Official course description:
Basic info last published 7/11-18

Data Visualisation and Data-driven Decision Making

Course info
ECTS points:
Course code:
Offered to guest students:
Offered to exchange students:
Offered as a single subject:
BSc in Data Science
Course semester
Forår 2019
28 January 2019
31 May 2019

The course is focused on forming the basis of a data communicator. The students should recognize the various features of the human perception system, and operate around those limitations. We expect a student to be able to create data-driven stories, dashboards and storyboards. We will put in context data visualization touching on its history, from the first historic examples, and on the power of misleading via the incomplete presentation of statistics and graphs. The course will empower students with the underlying assumptions, guidelines and trappings of visualizing quantitative information.


Data visualization is a core activity in a data science project, and is needed from the very early exploratory phases to the eventual explanatory phases. The clear communication of analytic results is the primary end goal of a scientific endeavor. One cannot rely on the unprincipled application of the graphical capabilities (and defaults of standard software) such as bar/line/pie charts, because each visual choice has repercussions in perception, interpretation, and internalization of information. The accumulation of design decisions can result in a wide range of effectiveness.  Moreover, creating visualizations is not simply an activity to wrap up a project at the end: it is rather an objective that informs all phases of data analysis, including the early stages of interrogating datasets. The origin of a data science project is the question “What do we want to communicate and how?” The “how” heavily depends on data visualization.

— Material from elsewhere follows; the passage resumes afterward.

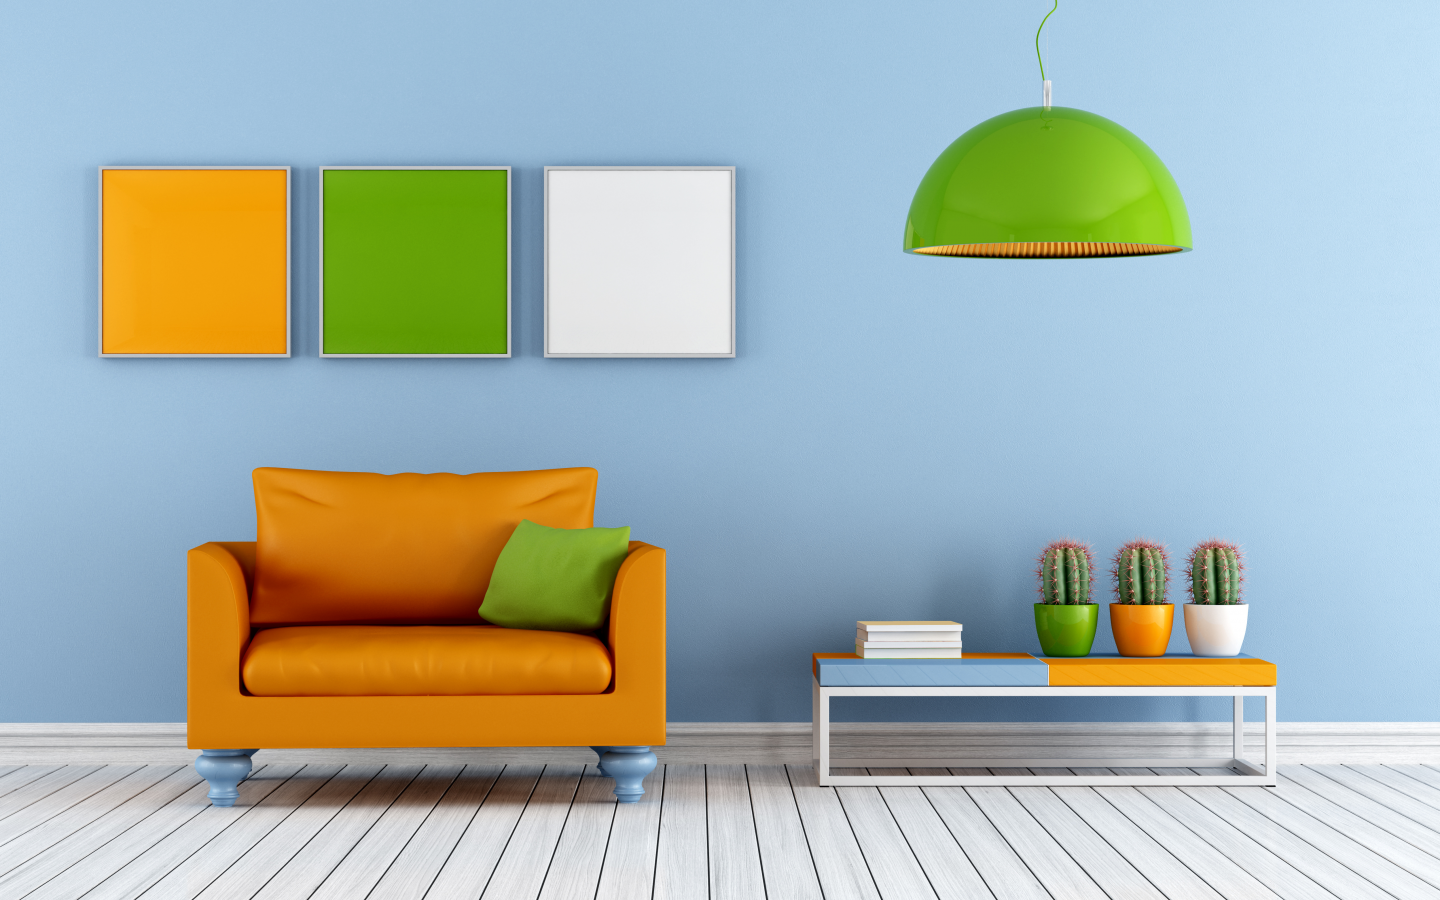 interior, стильный дизайн, stylish design, интерьер, couch, colorful lounge

The following subjects will be covered in the course.

  • Introduction to Data Visualization – Why We Visualize
  • History of Information Graphics
  • Roles within Big Data & Decision Support (Visual analytics / dashboarding)
  • Visual Vocabulary: A Tour through the Dataviz Zoo
  • Human Perception and the Visual System
  • The Details of Information Design
  • Design Science and Design Thinking
  • Geospatial Visualization
  • Network Visualization
  • Storytelling & Data-Driven Journalism
  • Uncertainty: How to Visualize it
  • Graphicacy & Xenographics
  • Ethics & Miscommunication – The Truth Continuum and How to Spot Lies

Formal prerequisites
Changes may occur The course is only open to BSc DS third semester.
Intended learning outcomes

After the course, the student should be able to:

  • Define data visualization (versus information graphics, or information visualization) and explain the differences in visualization purposes, from exhibitroy to exploratory and explanatory.
  • Identify the most appropriate visualization strategy given the result of an data analysis process and an intended communication objective.
  • Follow a checklist of established design guidelines when building a visualization to account for human perception, communicating uncertainty, and reducing potential miscommunication.
  • Conversely, students should be able to readily identify instances where general guidelines should be broken, and provide practical and theoretically informed arguments supporting their design decisions.
  • Produce alternative visualizations for the same message, compare their relative strengths and weaknesses, and make a motivated choice for the preferred one given the intended communication outcome.
  • Produce alternative visualizations for the same message, compare their relative strengths and weaknesses, and make a motivated choice for the preferred one given the intended communication outcome.
  • Generalize standard visualization techniques and customize them to better fit the visual literacy and/or intended communication outcome for a particular audience with domain-specific problems
  • Identify deceptive usage of visual communication, or unintentionally misleading graphical representations of data (evidence). By learning to spot the most common techniques for lying with data, students also become more in-tune with ethical considerations and how not to visualize data.
  • Likewise, participants will explore methods for relentlessly expanding the truthfulness of their models when abstracting data from the real world.